For a lower cholesterol level, alternatives would include a percentage reduction in the person's current cholesterol level, an exercise program or nutrition counseling.


When an employee completes a reasonable alternative, the employee must receive the same reward as the employee would have received if the employee had met the original standard. If it took time to meet the reasonable alternative, the employer must make sure the employee receives the full incentive in a reasonable amount of time. Generally, the incentive must be provided in the current year, although the incentive may be provided early in the following year if the standard was met late in the year. The employer may not pay the incentive over the course of the following year.


Employers must provide notice that a reasonable-alternative standard is available in all materials that describe the program. The notice does not need to include details of the alternative, but it does need to describe how to get more information about the reasonable alternative. The notice also must say that the recommendations of the person's physician will be accommodated.

The regulations suggest a notice such as: "Your health plan is committed to helping you achieve your best health. Rewards for participating in a wellness program are available to all employees. If you think you might be unable to meet a standard for a reward under this wellness program, you might qualify for an opportunity to earn the same reward by different means. Contact us at [insert contact information] and we will work with you (and, if you wish, with your doctor) to find a wellness program with the same reward that is right for you in light of your health status."

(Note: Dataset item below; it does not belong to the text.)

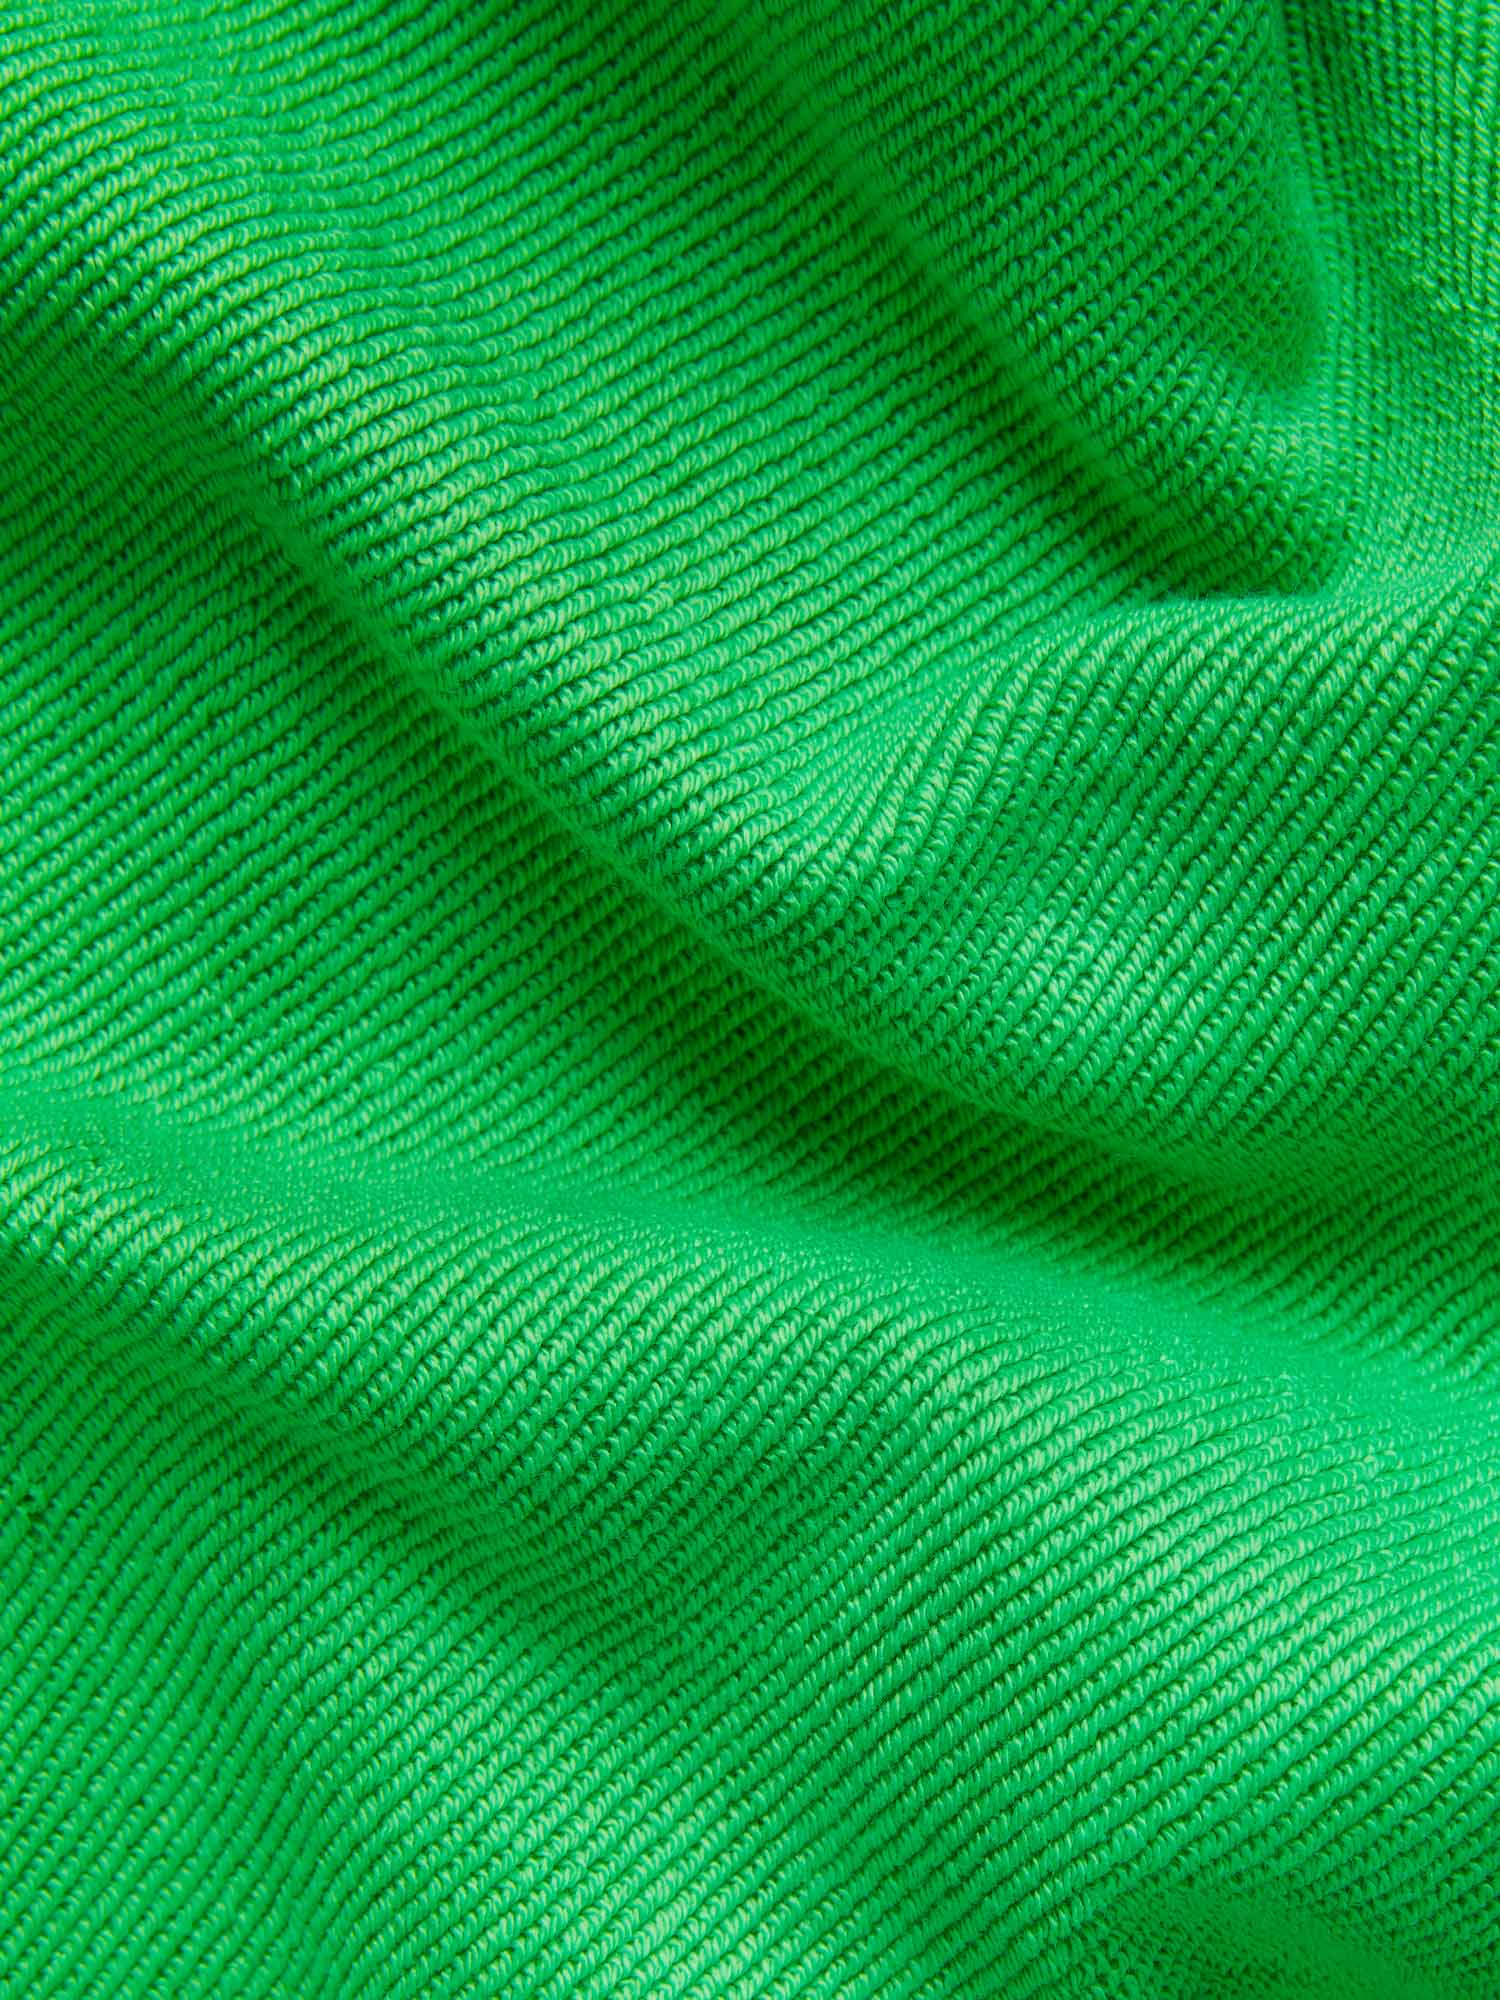 WAHP Sloth Kids Organic Cotton Sweatshirt Jade Green

Materials that simply state a wellness program is available do not need to include the reasonable-alternative disclosure.

A communication that discusses a premium reduction or surcharge must include the reasonable-alternative notice. Also, if the plan sends any type of a notice to participants stating they have not met the standard, that notice must include the reasonable-alternative disclosure.

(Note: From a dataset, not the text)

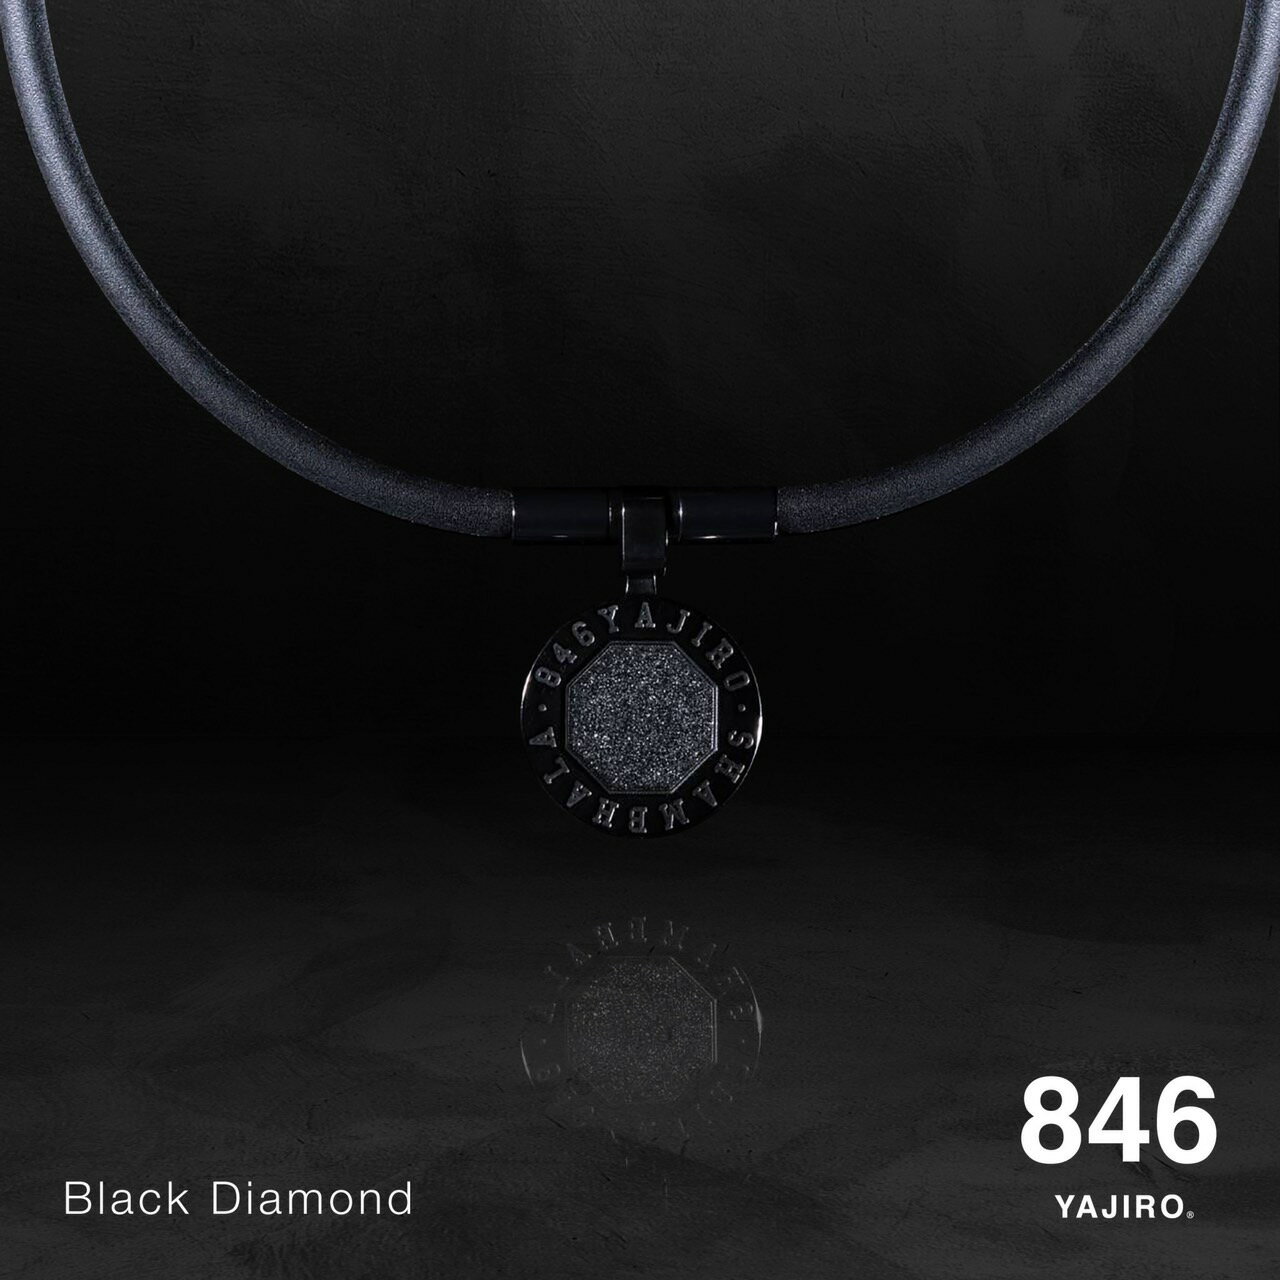 846YAJIRO スポーツネックレス SHAMBHALA Necklace BlackDiamond シャンバラネックレス ブラックダイヤモンド 磁気ネックレス YAJIROクリスタル配合 チューブタイプネックレス プレゼント

Employers who wish to charge employees different premiums for the GHP based on their use or abstention from tobacco can only do so with a bona fide wellness program in place, including reasonable alternatives. Failure to do so is a violation of HIPAA's nondiscrimination regulations.

There is also no acceptable method for employers to require employees to "prove" that they have quit using tobacco, by virtue of the reasonable-alternative requirements.

An employer may require an employee to certify that he or she is not a smoker and provide that the company's usual rules for falsification apply. Some employers require confirmation through a blood, breath or urine test; employers considering this should consult with local counsel as some states prohibit this. This type of confirmation would trigger the wellness program requirements under ADA and GINA, and would limit the incentive that could be offered to 30% rather than 50%. Some employers require a note from the employee's physician certifying the employee does not use tobacco.

Because of the ACA's anti-rescission rules, if an employee misrepresented his or her smoker status, the employer could not terminate the employee's coverage for falsification, but it likely could charge the smoker premium retroactively. Employers should also avoid any program design that includes "random" tobacco checks. This would likely violate ADA and GINA, as well as HIPAA.


Self-funded and large insured plans may use any definition they prefer, although because of the annual qualification requirement, the tobacco-free period should not exceed 12 months. Employers should clearly explain what is meant by tobacco use, including whether it includes smokeless tobacco like chewing tobacco and e-cigarettes.

Insurers that differentiate between tobacco and non-tobacco users in the small-group and individual markets may not define tobacco use more strictly than using tobacco in any form an average of four or more times per week during the past six months. While employers are not required to use this standard, it may provide a starting place.